EXERCISE PROMPT
The line containing "Tusco Products T30", and every line after it to the end of the listing, should be repeated exactly; the pictures should not.

DATA BLOCK
******************************
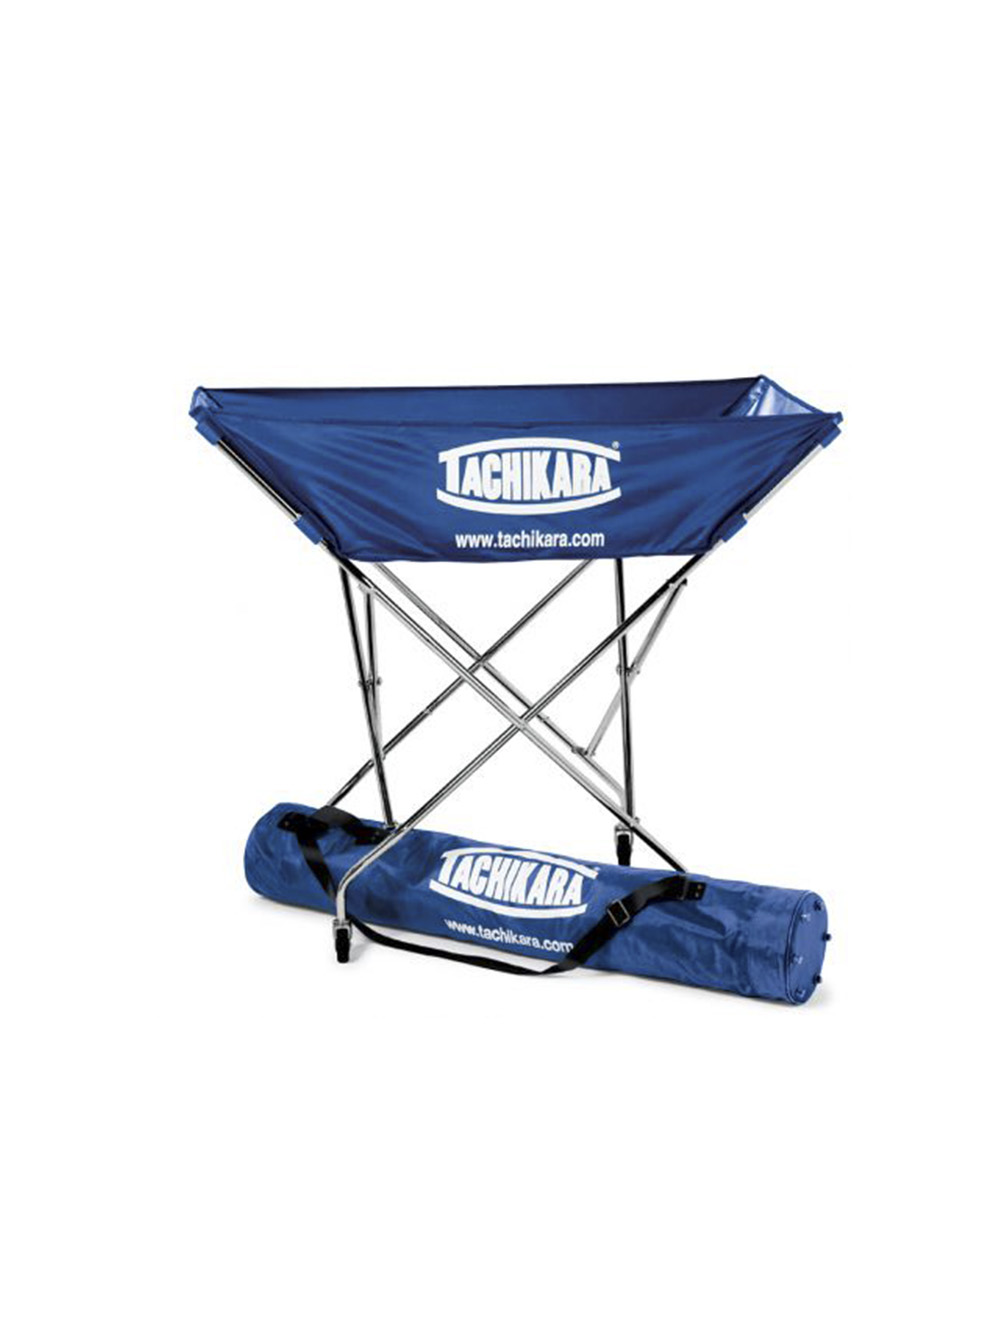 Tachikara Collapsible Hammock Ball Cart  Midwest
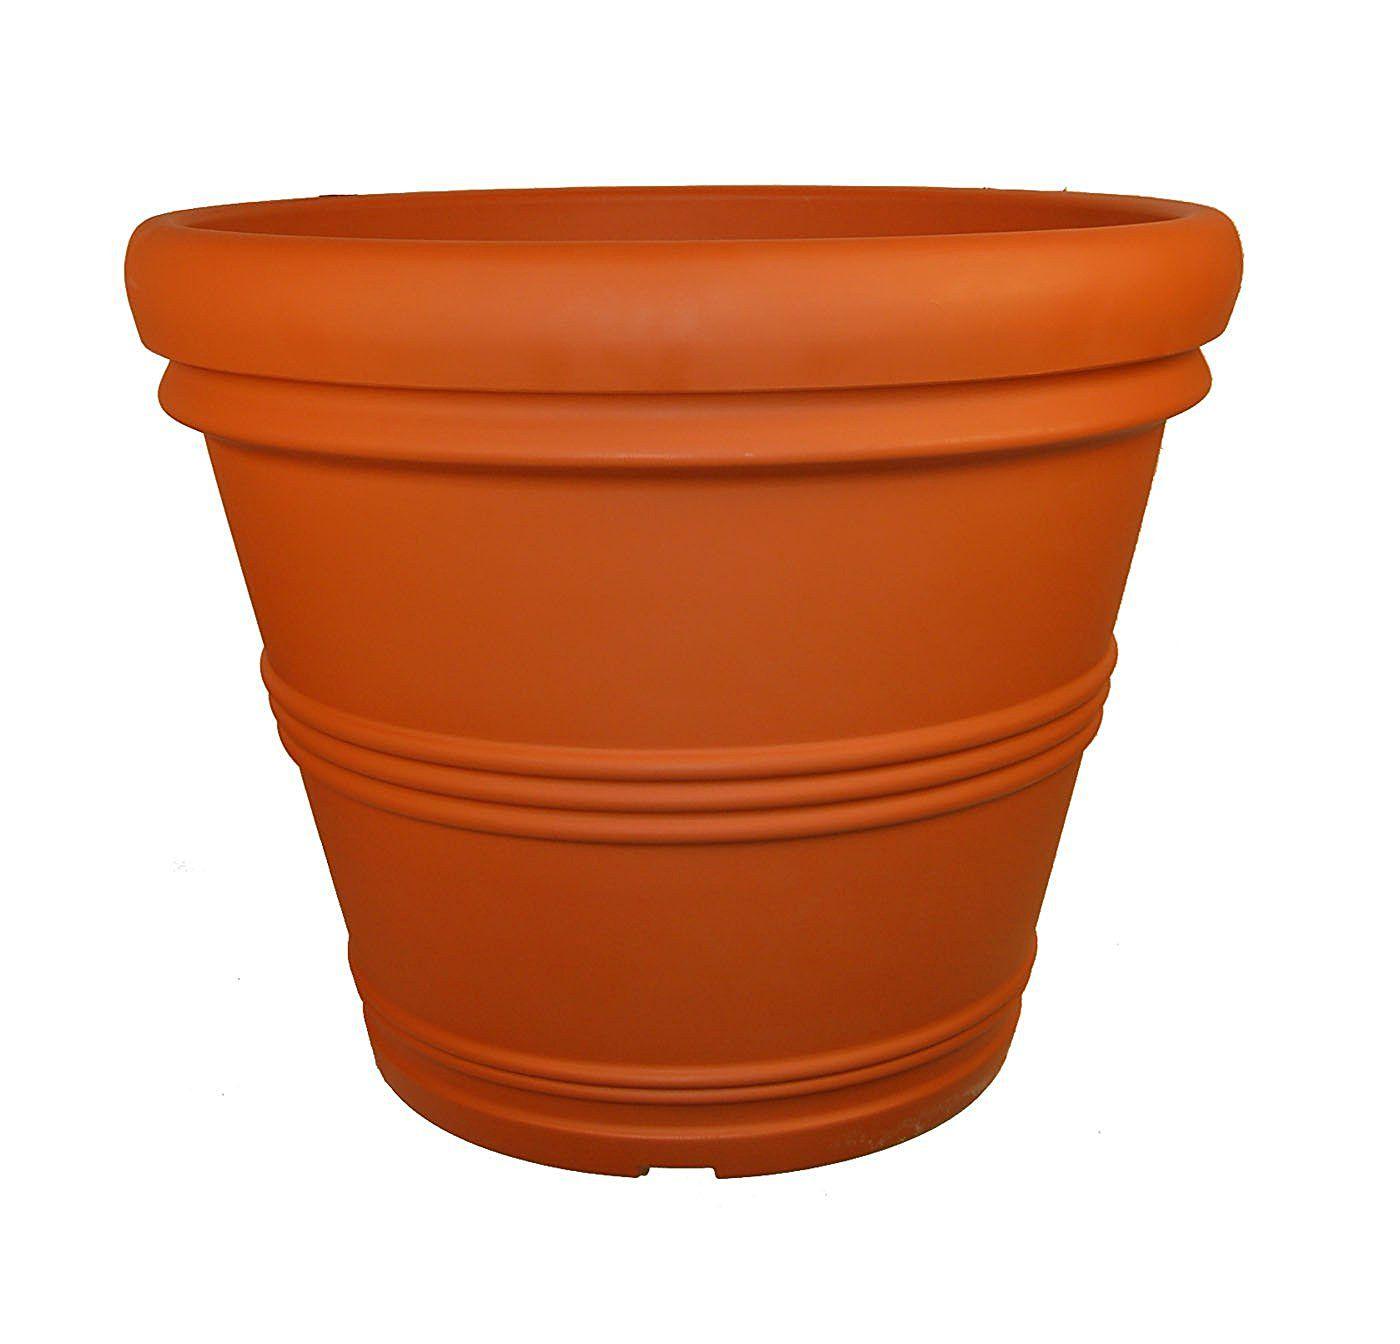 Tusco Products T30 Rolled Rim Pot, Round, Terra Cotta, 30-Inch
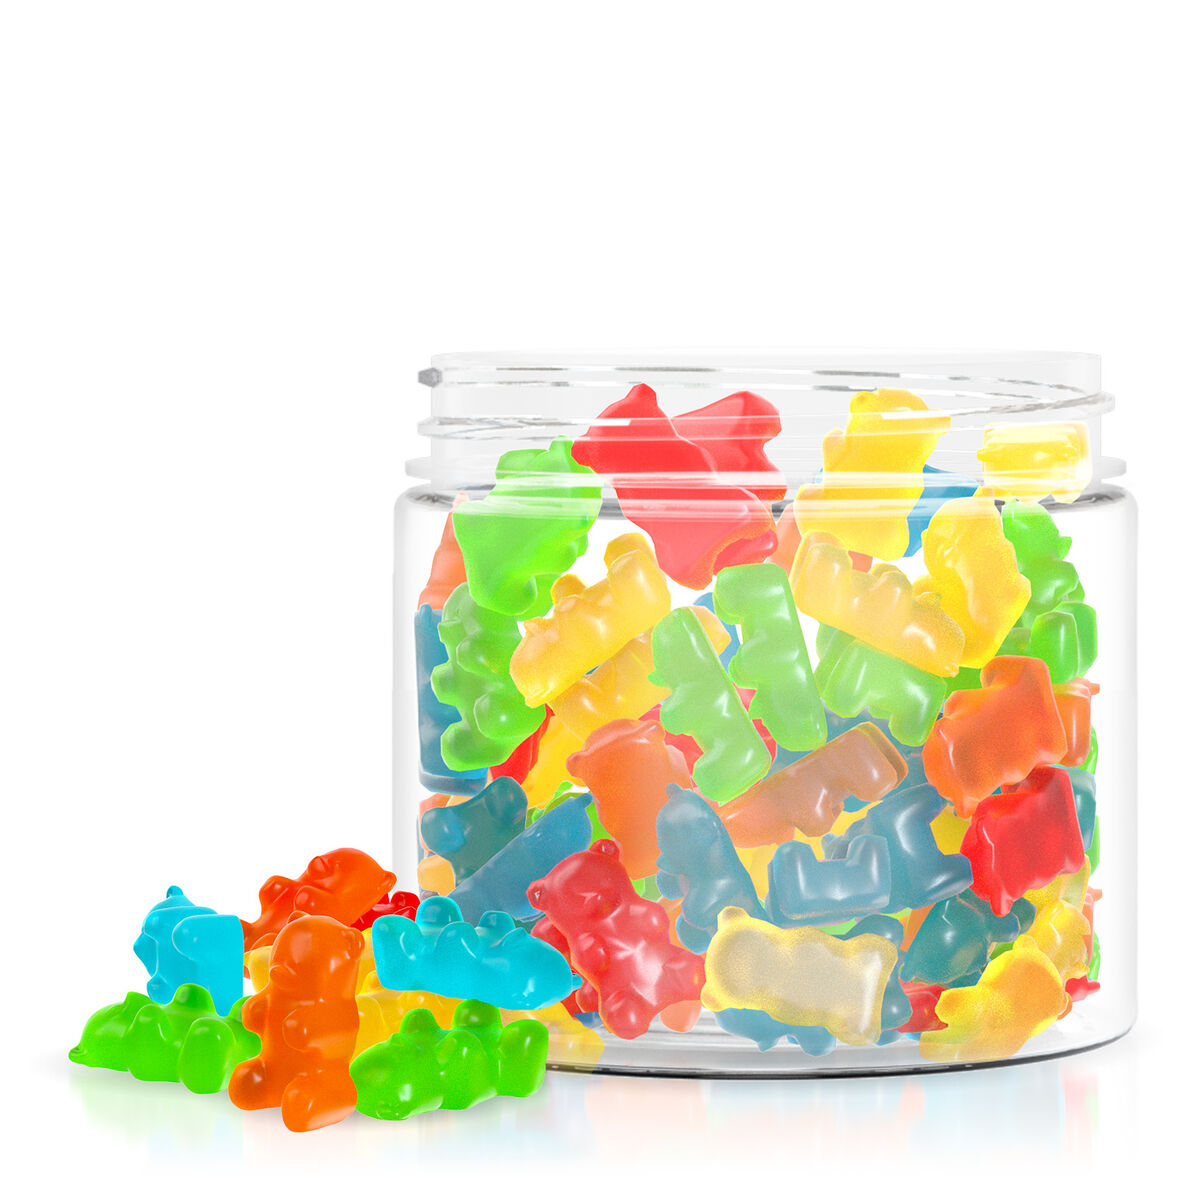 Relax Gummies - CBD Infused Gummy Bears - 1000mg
******************************
TASK OUTPUT
 Tusco Products T30 Rolled Rim Pot, Round, Terra Cotta, 30-Inch
 Relax Gummies - CBD Infused Gummy Bears - 1000mg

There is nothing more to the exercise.